Chromosome 2 Sequence of the Human Malaria Parasite Plasmodium falciparum

See allHide authors and affiliations

Science  06 Nov 1998:
Vol. 282, Issue 5391, pp. 1126-1132
DOI: 10.1126/science.282.5391.1126

This article has a correction. Please see:


Chromosome 2 of Plasmodium falciparum was sequenced; this sequence contains 947,103 base pairs and encodes 210 predicted genes. In comparison with the Saccharomyces cerevisiaegenome, chromosome 2 has a lower gene density, introns are more frequent, and proteins are markedly enriched in nonglobular domains. A family of surface proteins, rifins, that may play a role in antigenic variation was identified. The complete sequencing of chromosome 2 has shown that sequencing of the A+T-rich P. falciparum genome is technically feasible.

Malaria, a disease caused by protozoan parasites of the genus Plasmodium, is one of the most dangerous infectious diseases affecting human populations.

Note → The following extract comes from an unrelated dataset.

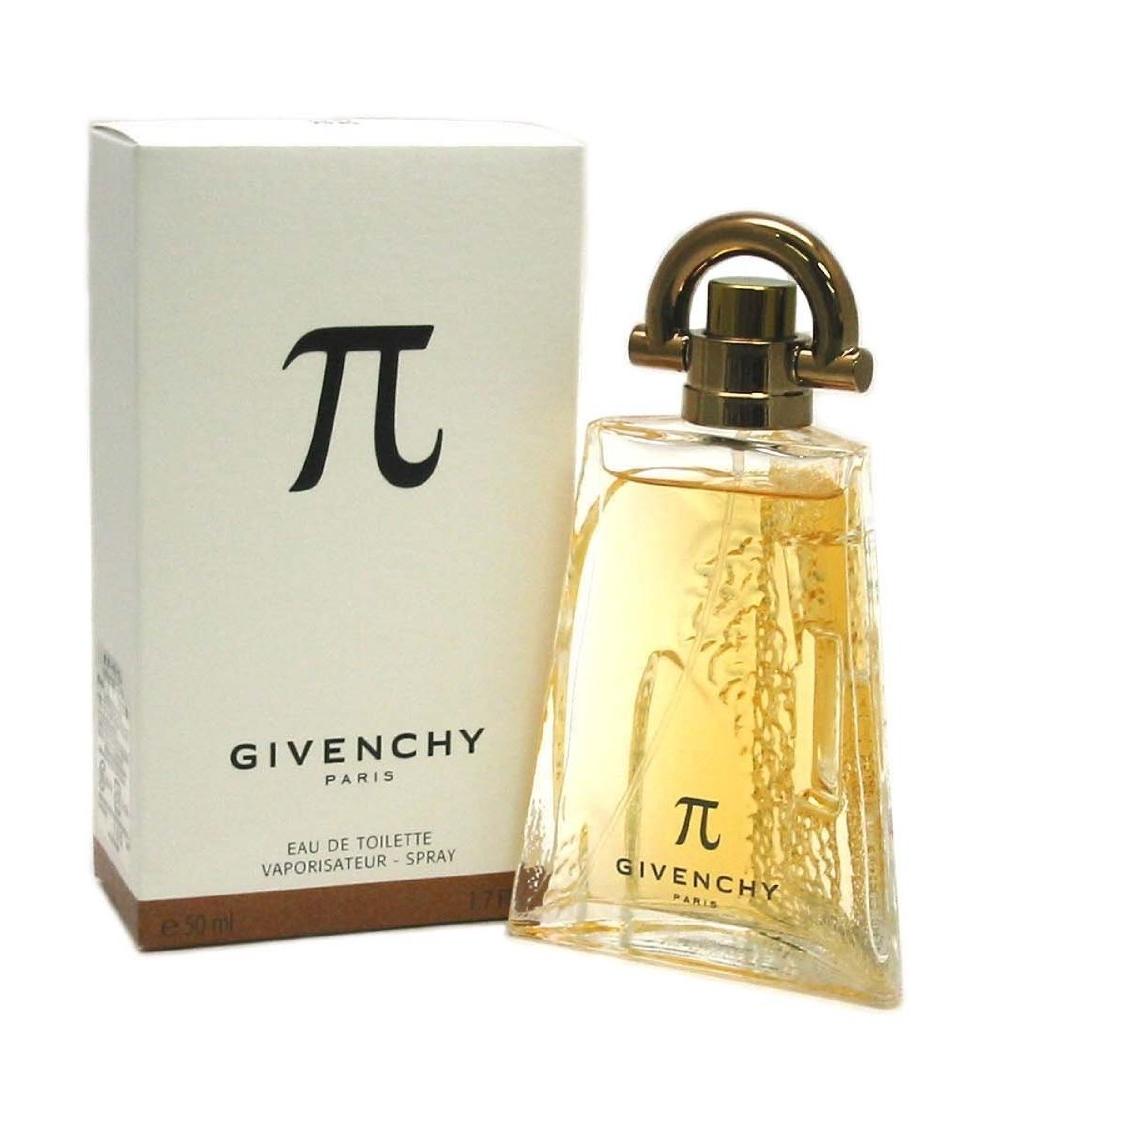 Givenchy Pi Greco eau de toilette vapo donna 50 ml
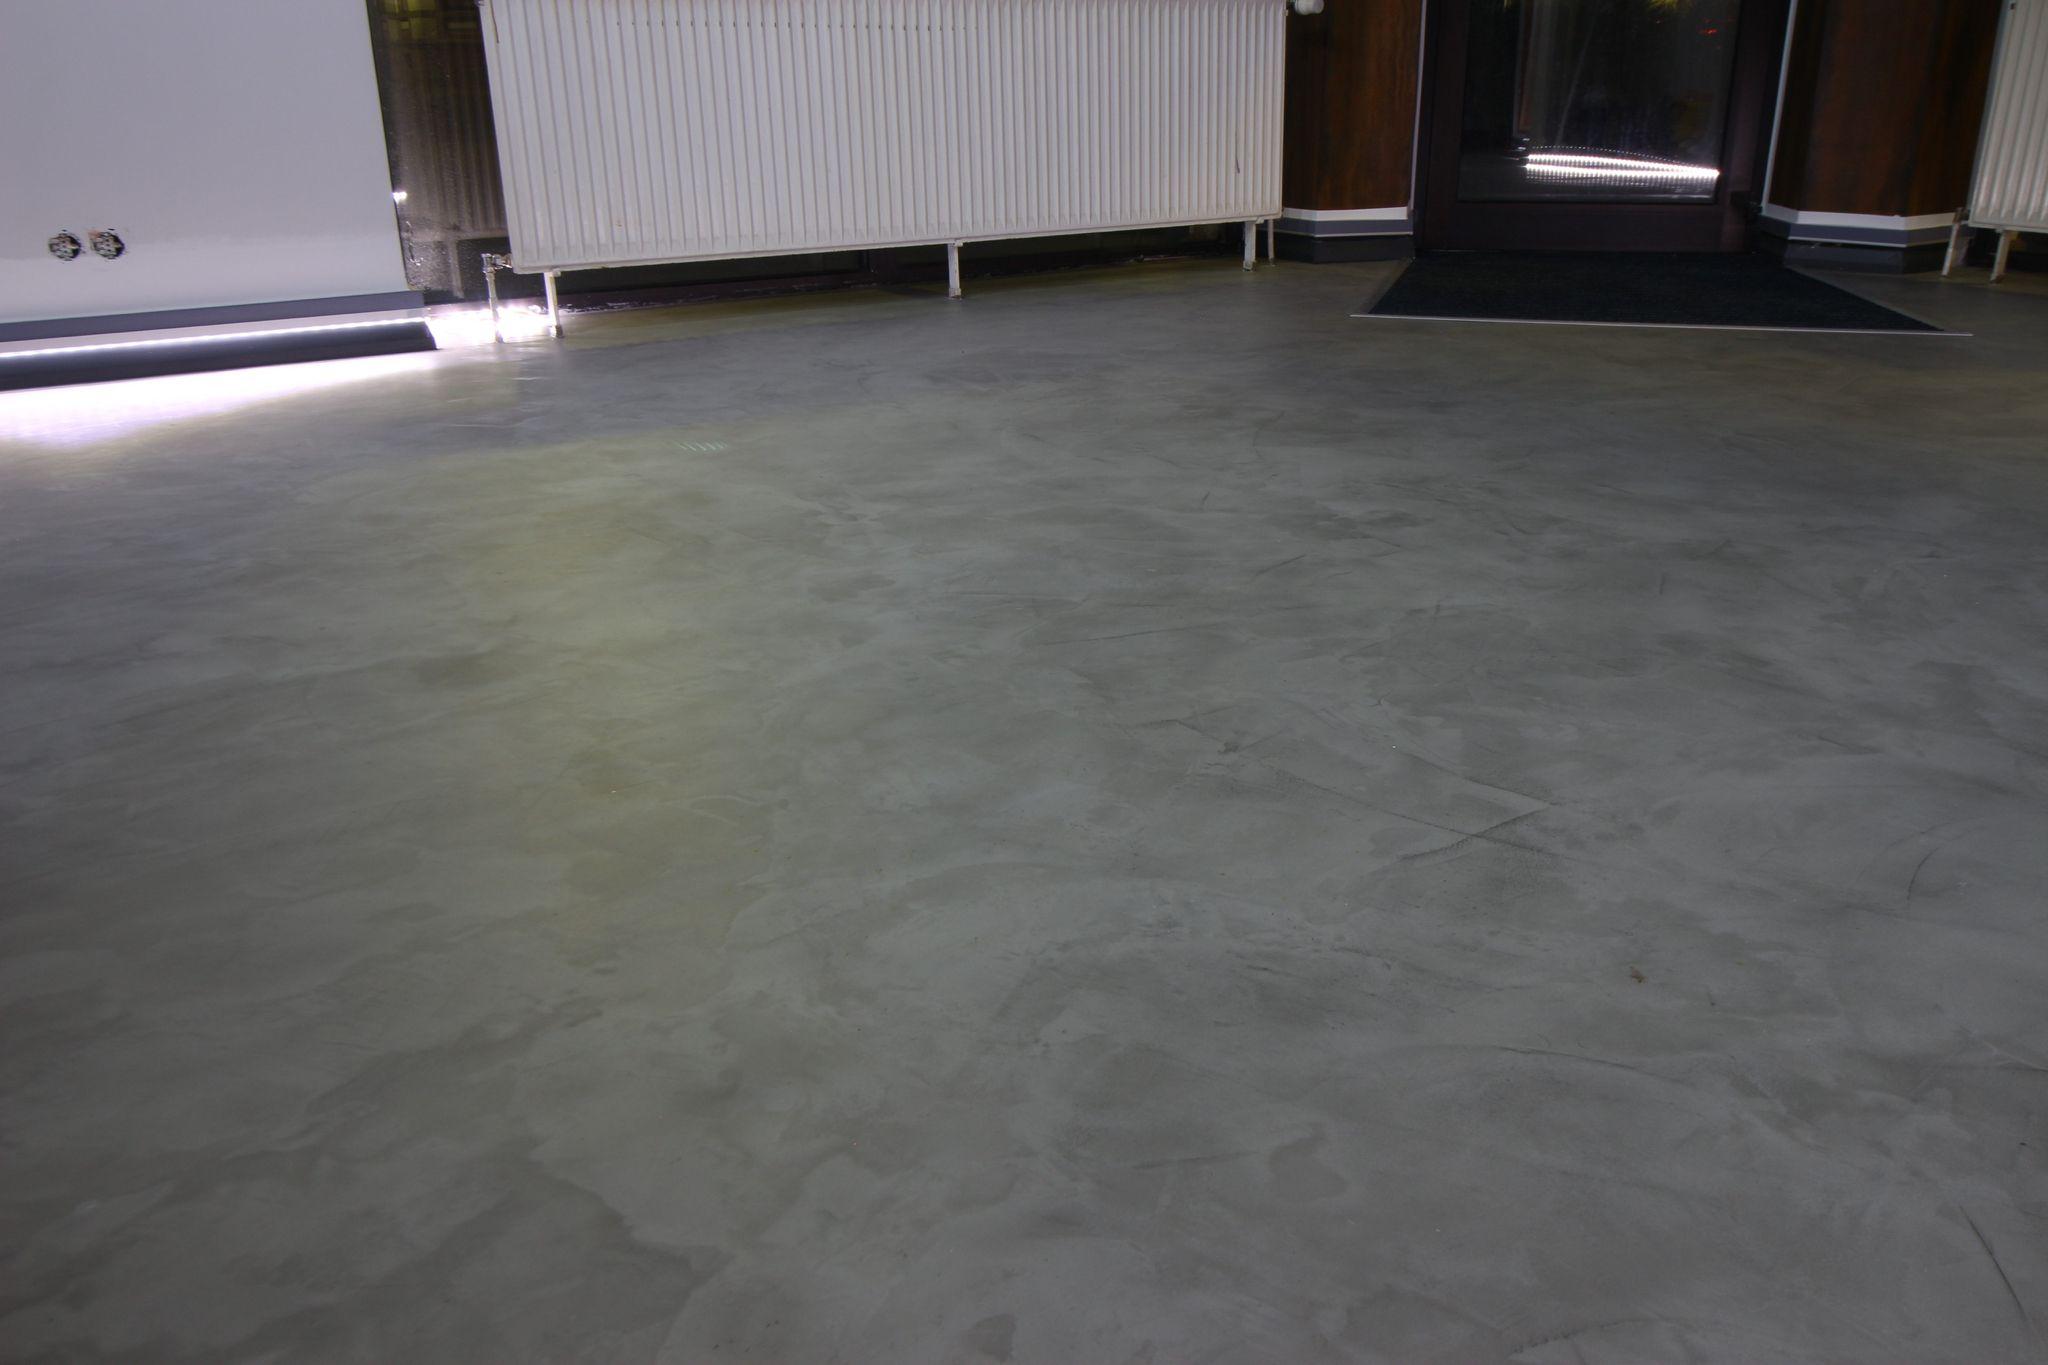 Fugenloser Fußboden fugenloser bodenbelag in kräftigen grau in unserem showroom

Approximately 300 million to 500 million people are infected annually, and 1.5 million to 2.7 million lives are lost to malaria each year, with most deaths occurring among children in sub-Saharan Africa (1). Of the four species that cause malaria in humans,P. falciparum is the greatest cause of morbidity and mortality. The resistance of the malaria parasite to drugs and the resistance of mosquitoes to insecticides have resulted in a resurgence of malaria in many parts of the world and a pressing need for vaccines and new drugs. The identification of new targets for vaccine and drug development is dependent on the expansion of our understanding of parasite biology; this understanding is hampered by the complexity of the parasite life cycle. The sequencing of the Plasmodiumgenome may circumvent many of these difficulties and rapidly increase our knowledge about these parasites.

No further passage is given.